Gaming’s Double Standard Censorship

A short overview of the issue of violence and nudity in games, and the sad state of current censorship policies.

Saints Row 2 is a game that doesn’t just hide in audacity; it’s constructed a nuclear fallout shelter out of the thing. Even by standards of sandbox crime games (I.E. Grand Theft Auto) the game is pretty solidly ridiculous in the sheer number of things you can do. Which is why it seems so bizarre and twisted that the same game that lets you hijack cars (illegal), buy, sell, and partake in explicitly-named drugs (illegal for the pot, anyway), commit insurance fraud (illegal), murder hundreds of people with little consequence in a truly astounding number of creative ways (illegal), bomb buildings (illegal), spray sewage and worse over the city (hilarious), and dozens of other activities will go to great lengths to prevent you from seeing a nude human body (not illegal, particularly since there are no minors in the game).

This is an issue that many have brought up before, but it bears more mentioning because something is seriously wrong here.

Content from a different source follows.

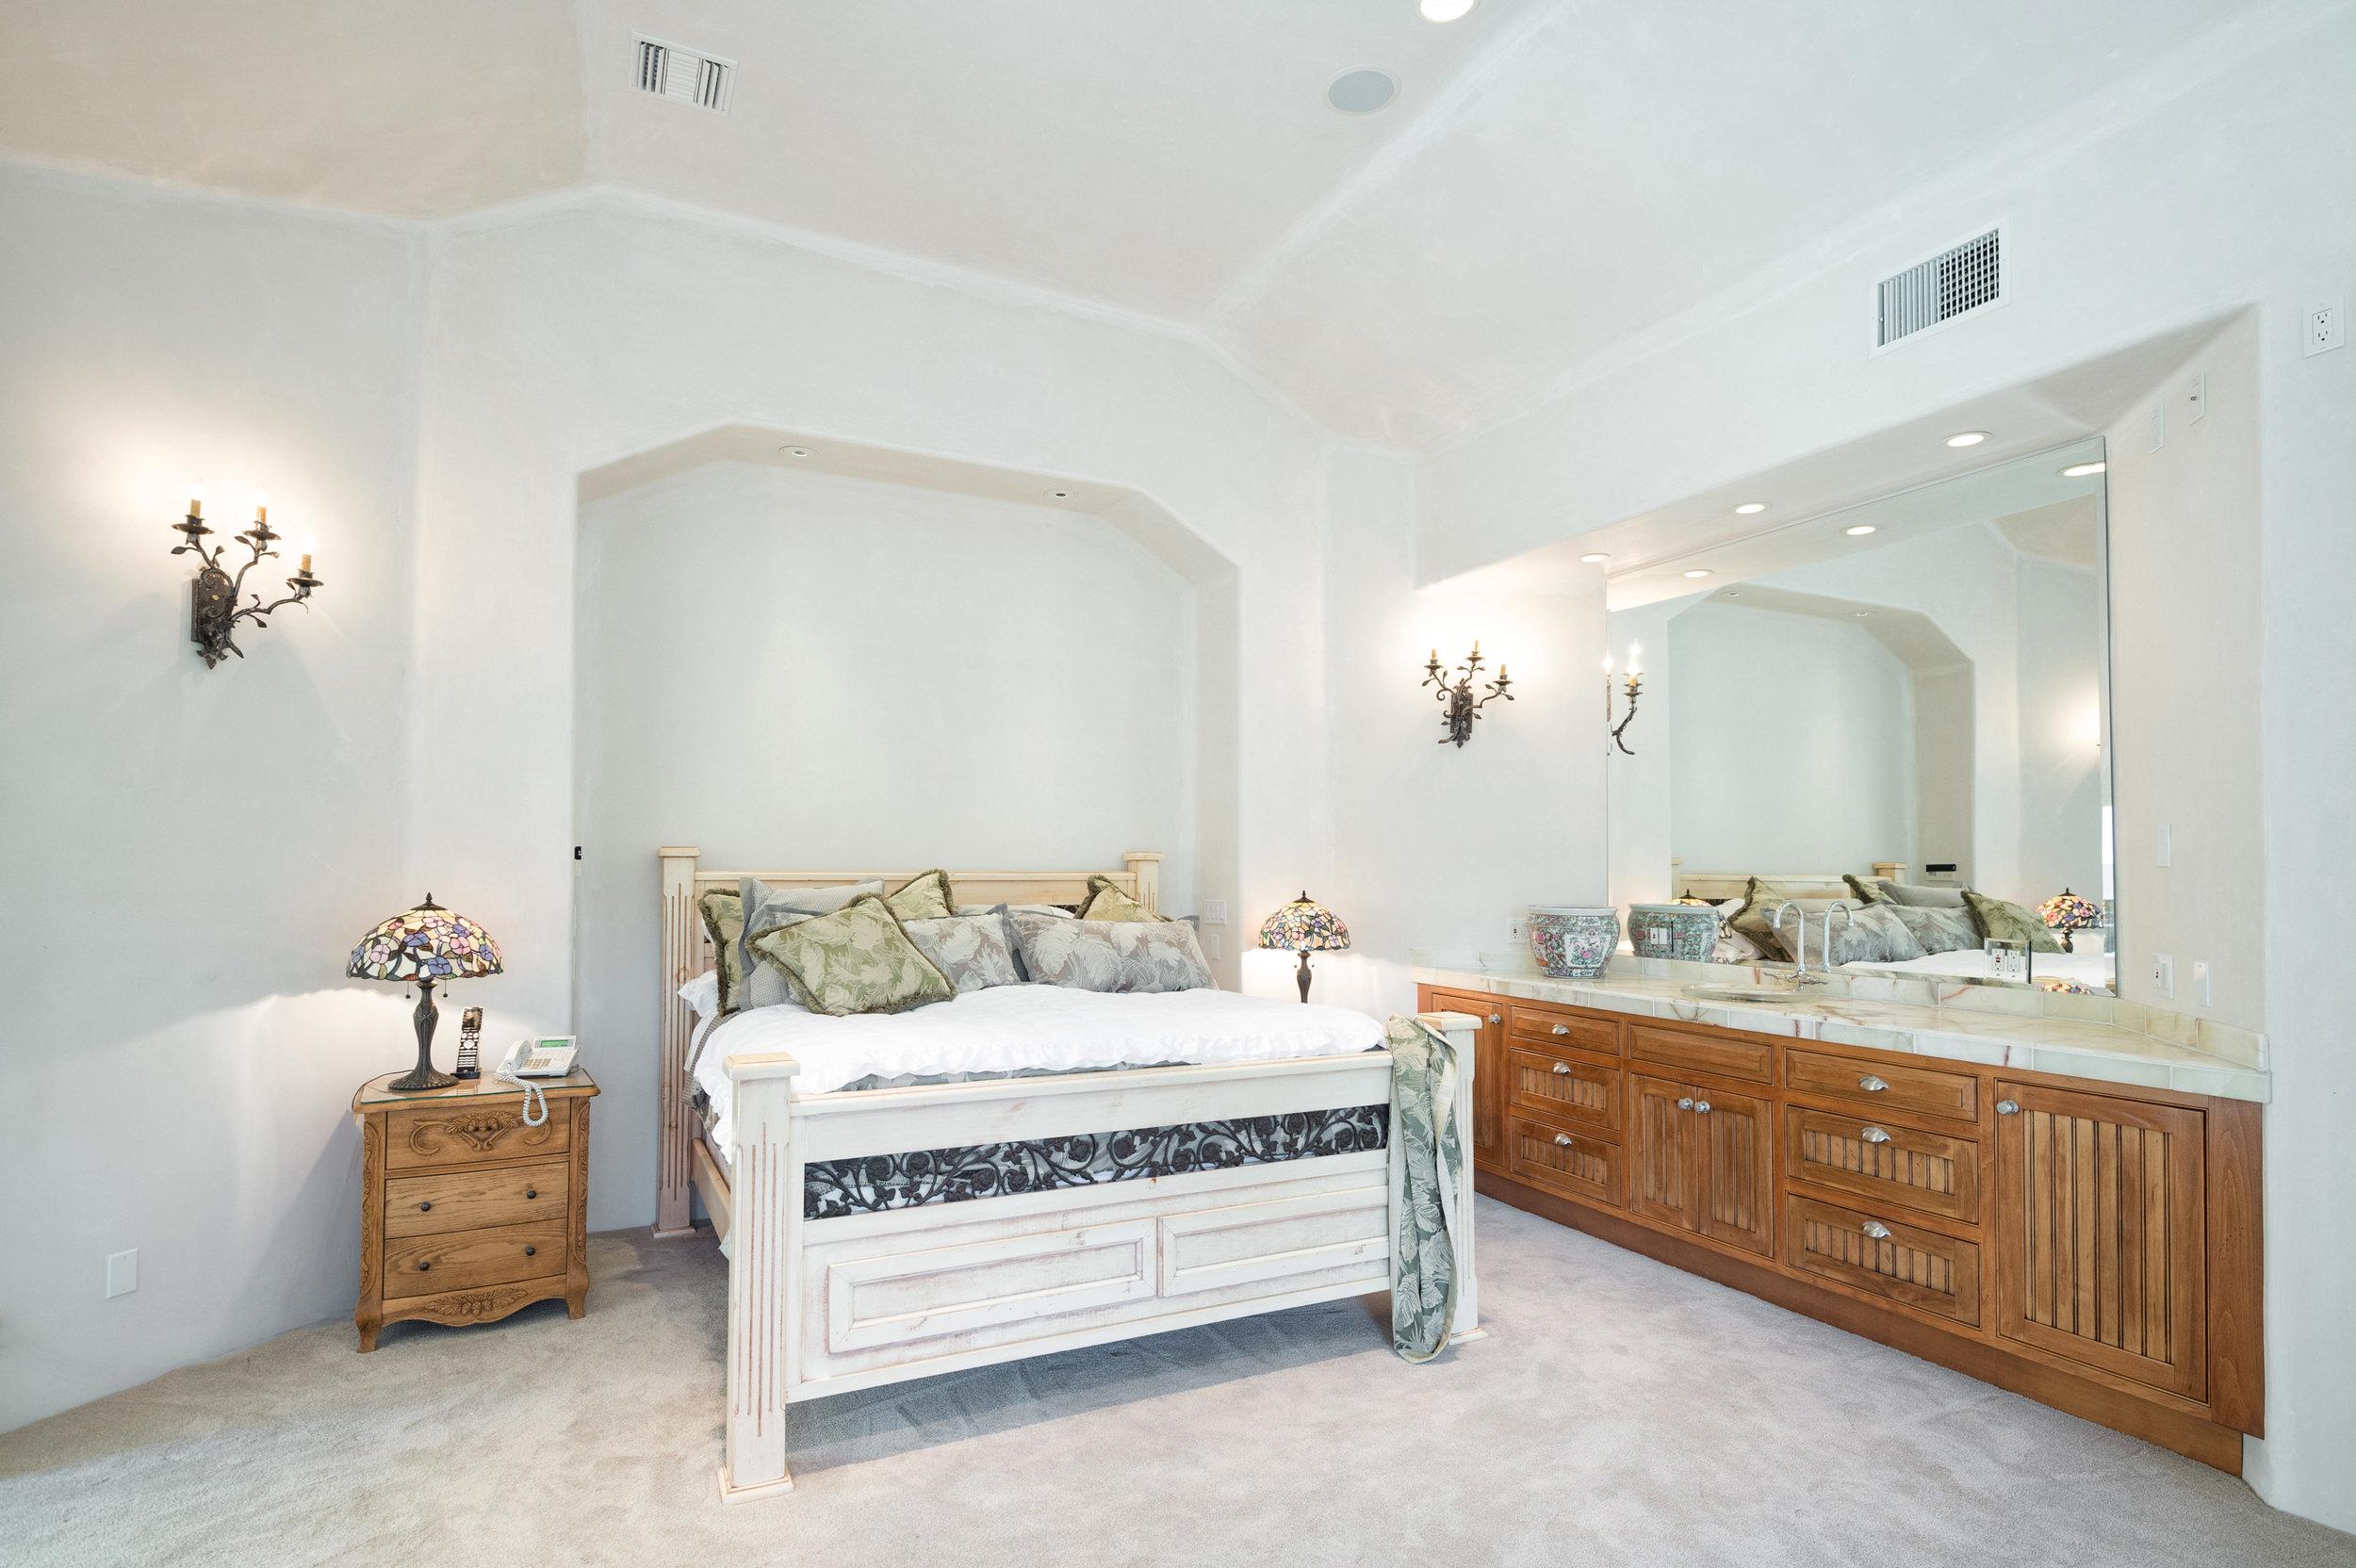 013 master bedroom  10 6405 bonsall Malibu For Sale The Malibu Life Team Luxury Real Estate.jpg

It’s not the first game to censor its own nudity while making violence and illicit activities so explicit, and one would be hard-pressed to defend Saints Row 2 as a “mature” game (in content, not rating) considering how absolutely over-the-top it is, it’s a very visible indicator of this sort of double standard. It gets particularly bizarre in that it even – probably unintentionally – supports the argument that, as R.E.M. put it, “a nipple is a nipple,” since both the male and female characters in the game seem to sport the exact same texture. It literally is the same nipple, with the only difference being the shape of the body around it. 

The body is subjected to this double standard in terms of censorship; where the most aggressive, direct, and in-your-face violence up to and including scenes of torture are left uncensored, while you’d think a female areola was the eye of a basilisk for all the censorship. (And, amusingly enough, my word processor doesn’t recognize “areola” as a word. Fitting.) It feels trite and campy to say this, but let’s face it; games do glorify violence a lot of the time. It’s the prime selling point for most action games, particularly with the recent trend towards hyper realism in shooters. Most of the top-selling major games that have come out in the last five years that aren’t sports games have been rated the local equivalent of 17+. It’s not hard to see where the concerns for video games causing real-world violence comes from, baseless though they may be. So why the double standard?